Déjà de base, l’Alfa 75 1.8 Turbo, c’est une danseuse professionnelle. Sauf que pour passer en GrA, avec le coeff d’un bloc turbalisé, il lui faut perdre un chouill en cylindrée… Et là encore, on peut se choper une bonne hémorragie nasale ! Pourtant, c’est pas compliqué… pour combler la différence de puissance entre un bloc atmo et un bloc turbo, la FIA impose un coefficient de 1.7 qui s’applique à la cylindrée.
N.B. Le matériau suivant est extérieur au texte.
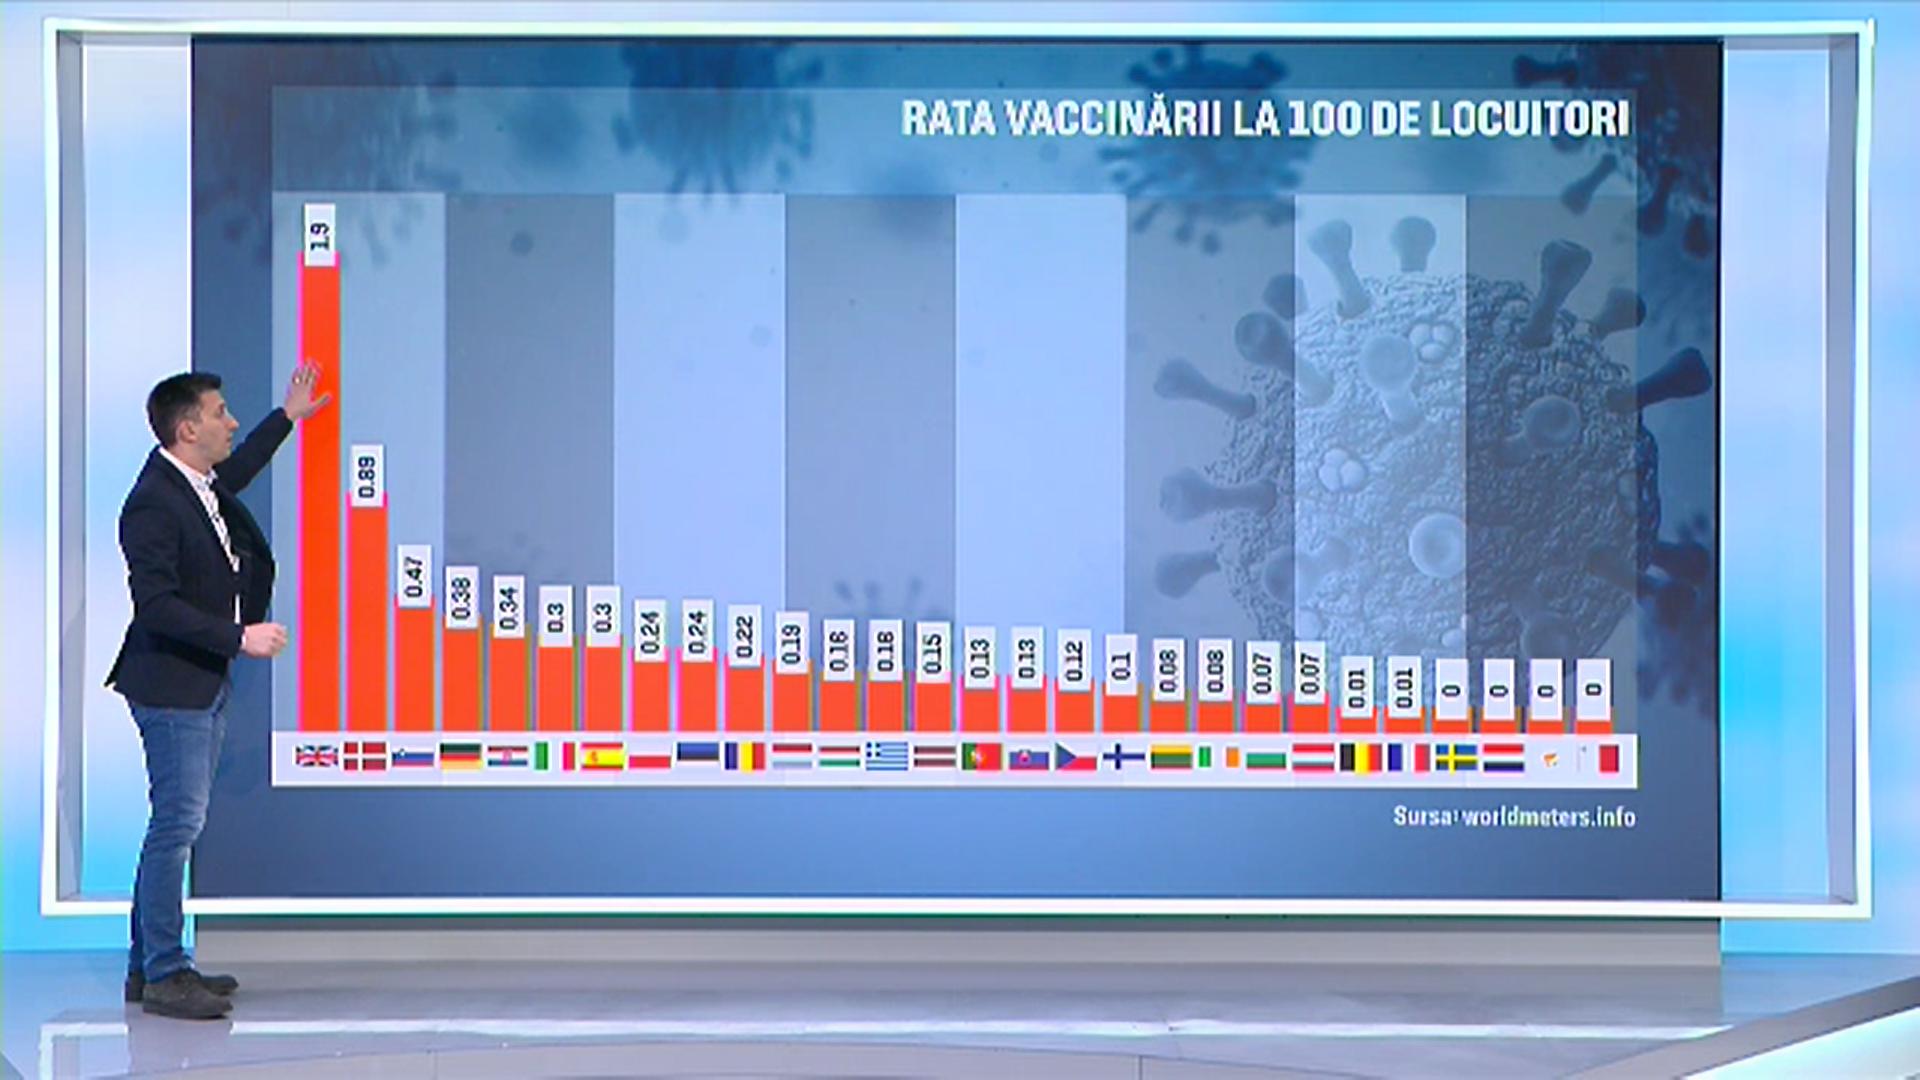 Topul țărilor cu populație vaccinată anti-COVID. România, pe locul 10 în Europa la rata vaccinării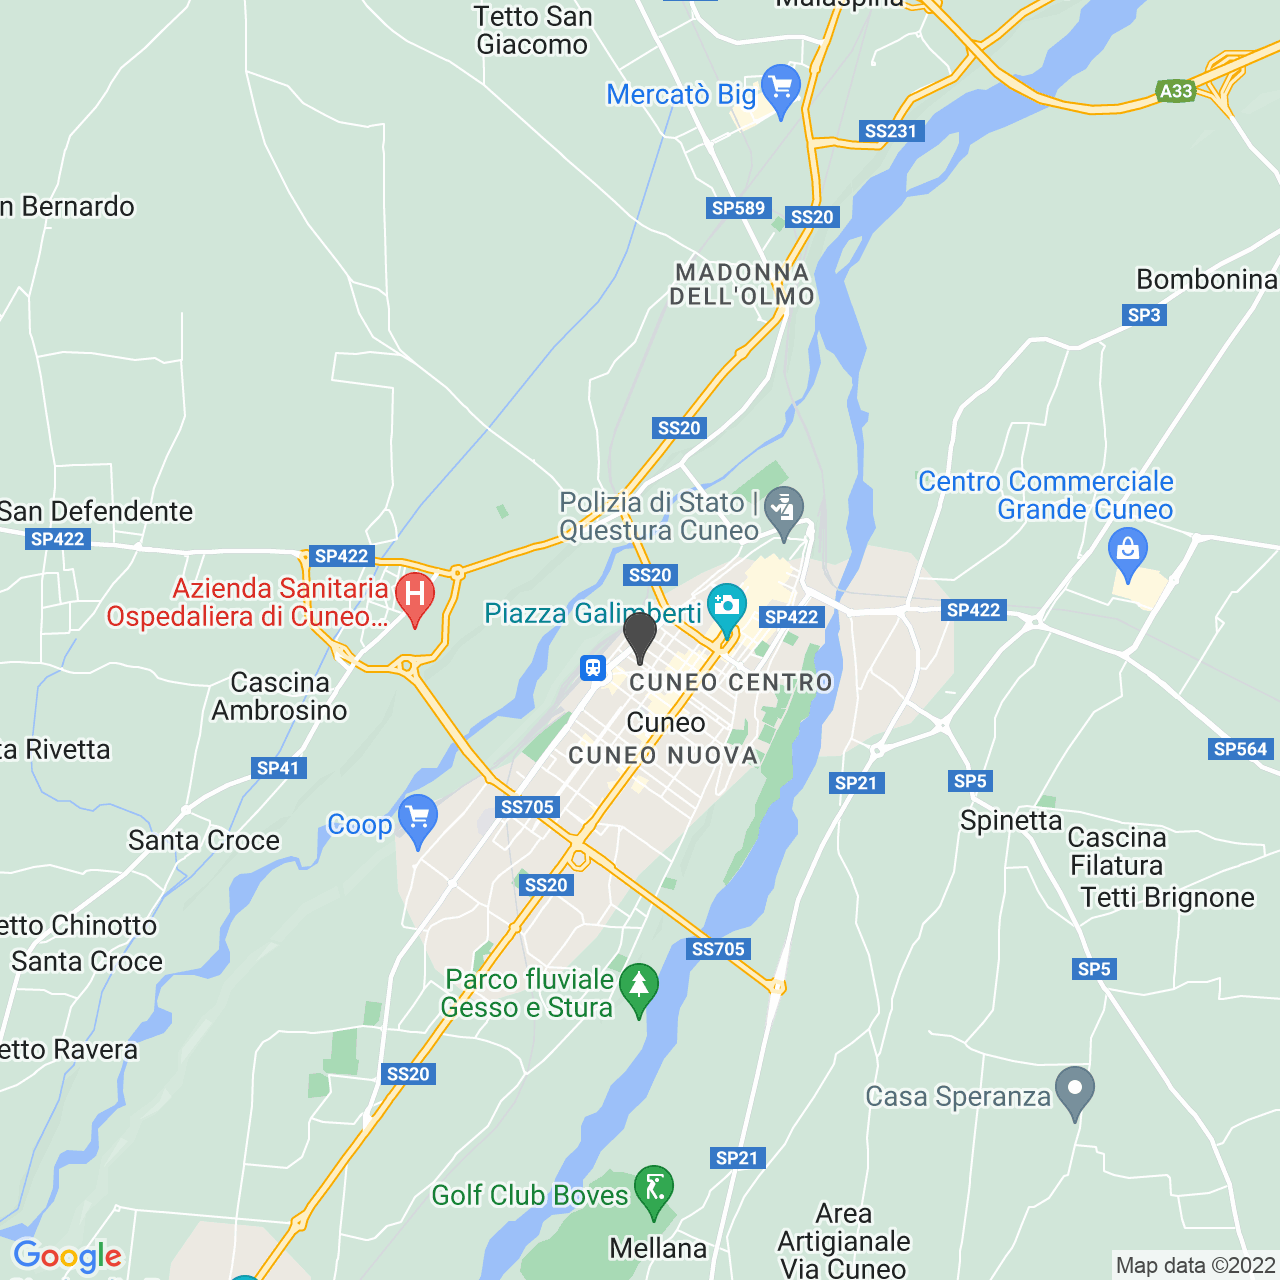 Circolo Evangelico di Cuneo

L’Alfa 75 1.8 Turbo affiche 1779 cm3 de cylindrée… 1779 x 1.7 = 3024…. Donc un 1779 cm3 turbo équivaut à un 3024 cm3 atmo… Sauf que le GrA impose du 3.0l maxi… Donc pour pouvoir rester dans les clous, les ingénieurs italiens ont du faire descendre le 4 cylindres de l’Evoluzione à 1762 cm3 car 1762 x 1.7 = 2996… ça passe ! Simple non ?!
Ensuite, de nos jours, on considèrerait une berline de 155 ch comme une simple routière mazoutée au lourd qui tâche… Pourtant avec la 75 Turbo, on ne sait pas avec quoi les ingénieurs ont dressé ce 4 pattes, mais niveau caractère et patate, il pourrait en revendre ! Déjà l’italienne n’accuse que 1200 kg… Ensuite le turbo Garrett T3 est bien du genre ON – OFF… sans étapes intermédiaires. Le truc n’existe pas en dessous de 3000, par contre, quand il se réveille et qu’il envoie, c’est tout d’un coup.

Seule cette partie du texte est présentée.